=== Provided data ===

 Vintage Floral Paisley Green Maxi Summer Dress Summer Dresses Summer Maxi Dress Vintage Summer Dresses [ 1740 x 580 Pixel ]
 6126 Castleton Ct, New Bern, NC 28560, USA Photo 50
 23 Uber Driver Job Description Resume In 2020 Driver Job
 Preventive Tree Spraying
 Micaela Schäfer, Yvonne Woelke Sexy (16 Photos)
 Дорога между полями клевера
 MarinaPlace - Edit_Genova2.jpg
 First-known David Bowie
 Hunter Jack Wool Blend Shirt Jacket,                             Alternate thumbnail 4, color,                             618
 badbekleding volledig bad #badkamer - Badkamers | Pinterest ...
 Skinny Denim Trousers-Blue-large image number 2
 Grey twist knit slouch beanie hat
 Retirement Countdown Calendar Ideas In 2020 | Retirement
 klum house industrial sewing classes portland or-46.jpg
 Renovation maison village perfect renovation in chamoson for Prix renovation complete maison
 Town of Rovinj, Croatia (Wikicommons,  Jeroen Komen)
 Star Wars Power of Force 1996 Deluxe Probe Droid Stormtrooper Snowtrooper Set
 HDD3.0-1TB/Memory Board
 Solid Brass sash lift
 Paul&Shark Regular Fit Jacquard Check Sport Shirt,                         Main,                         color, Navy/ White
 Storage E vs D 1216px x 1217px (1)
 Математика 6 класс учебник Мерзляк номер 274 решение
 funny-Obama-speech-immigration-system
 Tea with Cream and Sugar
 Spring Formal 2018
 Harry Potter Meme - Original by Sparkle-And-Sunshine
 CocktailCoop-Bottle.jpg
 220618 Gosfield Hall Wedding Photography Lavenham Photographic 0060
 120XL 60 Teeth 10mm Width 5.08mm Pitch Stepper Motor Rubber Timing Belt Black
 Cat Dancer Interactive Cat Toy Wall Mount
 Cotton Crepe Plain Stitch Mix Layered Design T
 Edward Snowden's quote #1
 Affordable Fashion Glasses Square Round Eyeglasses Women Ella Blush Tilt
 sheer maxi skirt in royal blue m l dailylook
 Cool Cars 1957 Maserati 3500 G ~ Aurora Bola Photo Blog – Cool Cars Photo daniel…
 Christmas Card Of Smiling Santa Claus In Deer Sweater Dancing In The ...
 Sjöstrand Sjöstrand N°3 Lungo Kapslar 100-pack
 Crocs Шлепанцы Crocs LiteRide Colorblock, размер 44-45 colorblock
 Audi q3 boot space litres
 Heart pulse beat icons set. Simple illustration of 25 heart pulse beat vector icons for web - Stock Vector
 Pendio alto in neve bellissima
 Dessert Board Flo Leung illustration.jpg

===

= Your goal =
Return only the exact lines from the opening of the records through the line that contains "Renovation maison village", both included.

= Result of the task =
 Vintage Floral Paisley Green Maxi Summer Dress Summer Dresses Summer Maxi Dress Vintage Summer Dresses [ 1740 x 580 Pixel ]
 6126 Castleton Ct, New Bern, NC 28560, USA Photo 50
 23 Uber Driver Job Description Resume In 2020 Driver Job
 Preventive Tree Spraying
 Micaela Schäfer, Yvonne Woelke Sexy (16 Photos)
 Дорога между полями клевера
 MarinaPlace - Edit_Genova2.jpg
 First-known David Bowie
 Hunter Jack Wool Blend Shirt Jacket,                             Alternate thumbnail 4, color,                             618
 badbekleding volledig bad #badkamer - Badkamers | Pinterest ...
 Skinny Denim Trousers-Blue-large image number 2
 Grey twist knit slouch beanie hat
 Retirement Countdown Calendar Ideas In 2020 | Retirement
 klum house industrial sewing classes portland or-46.jpg
 Renovation maison village perfect renovation in chamoson for Prix renovation complete maison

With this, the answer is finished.